Business Context
ShopVision, an e-commerce catalog platform, wants a junior ML engineer to explain and prototype a convolutional neural network (CNN) for classifying product images into catalog categories. The goal is not just to define CNN layers, but to show how the architecture maps to a real image classification workflow and how you would evaluate it in practice.
Dataset
You are given a labeled image dataset of product photos collected from the mobile seller app.

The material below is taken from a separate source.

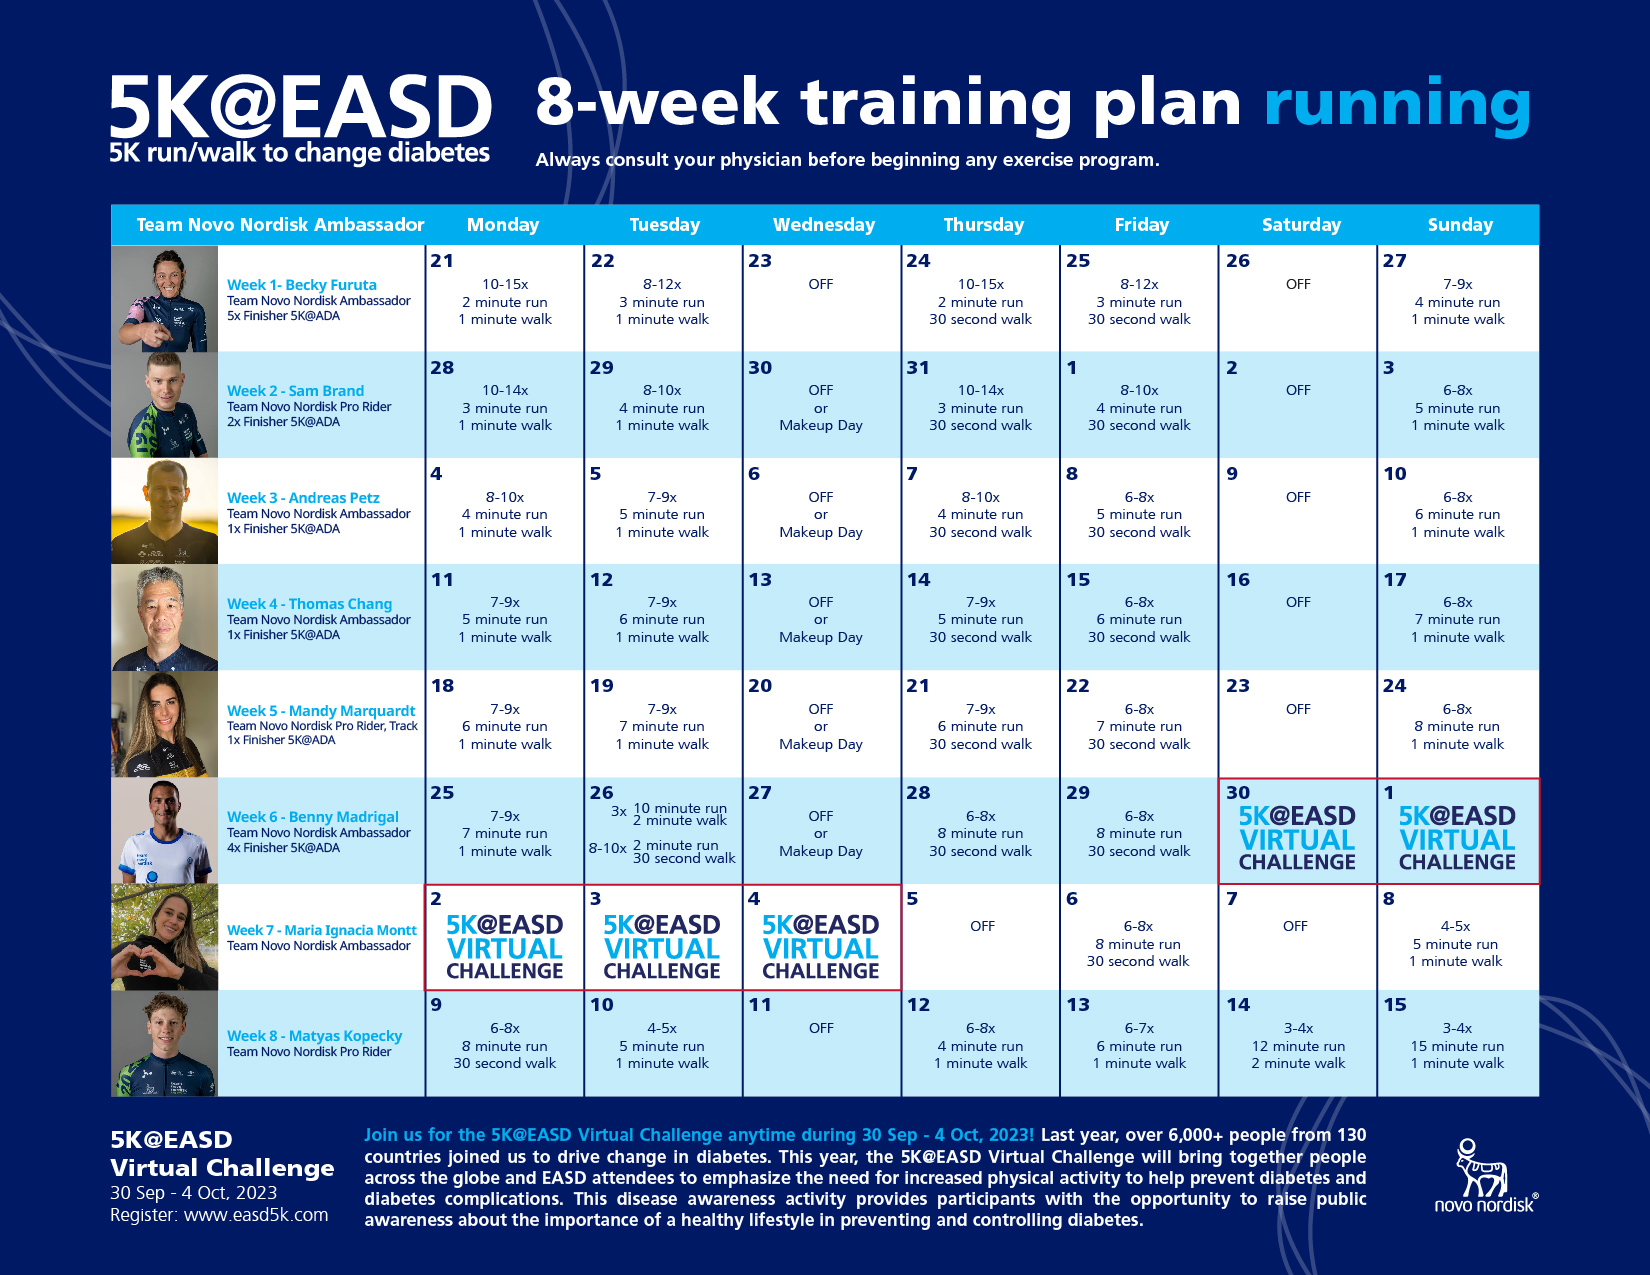 5K@EASD Training Plans

| Feature Group | Count | Examples |
|---|
| Image pixels | 150,000 images | RGB images resized to 128x128 |
| Metadata (optional, not required) | 3 | upload_device, aspect_ratio, brightness_score |
| Labels | 12 classes | shoes, bags, watches, shirts, electronics |
- Size: 150K images, 12 target classes
- Target: Multiclass product category
- Class balance: Moderately imbalanced; largest class is 18%, smallest is 4%
- Missing data: ~2% corrupted or unreadable images; some images have inconsistent lighting/backgrounds
Success Criteria
A good solution should:
- Achieve top-1 accuracy >= 82% on a held-out test set
- Clearly explain the role of convolution, activation, pooling, and fully connected layers
- Show a training pipeline that can run on a single GPU within a reasonable time budget
- Include overfitting controls and a clear evaluation approach
Constraints
- Inference latency should stay under 30 ms/image in batch serving
- The model should be simple enough for an interview explanation
- Training budget is limited to a single mid-range GPU
- The team prefers an architecture that is easy to debug and extend
Deliverables
- Explain the core CNN architecture and why each layer is used.
- Build a baseline CNN for multiclass image classification.
- Describe preprocessing and augmentation choices.
- Evaluate the model with appropriate classification metrics.
- Discuss tradeoffs between a simple custom CNN and transfer learning.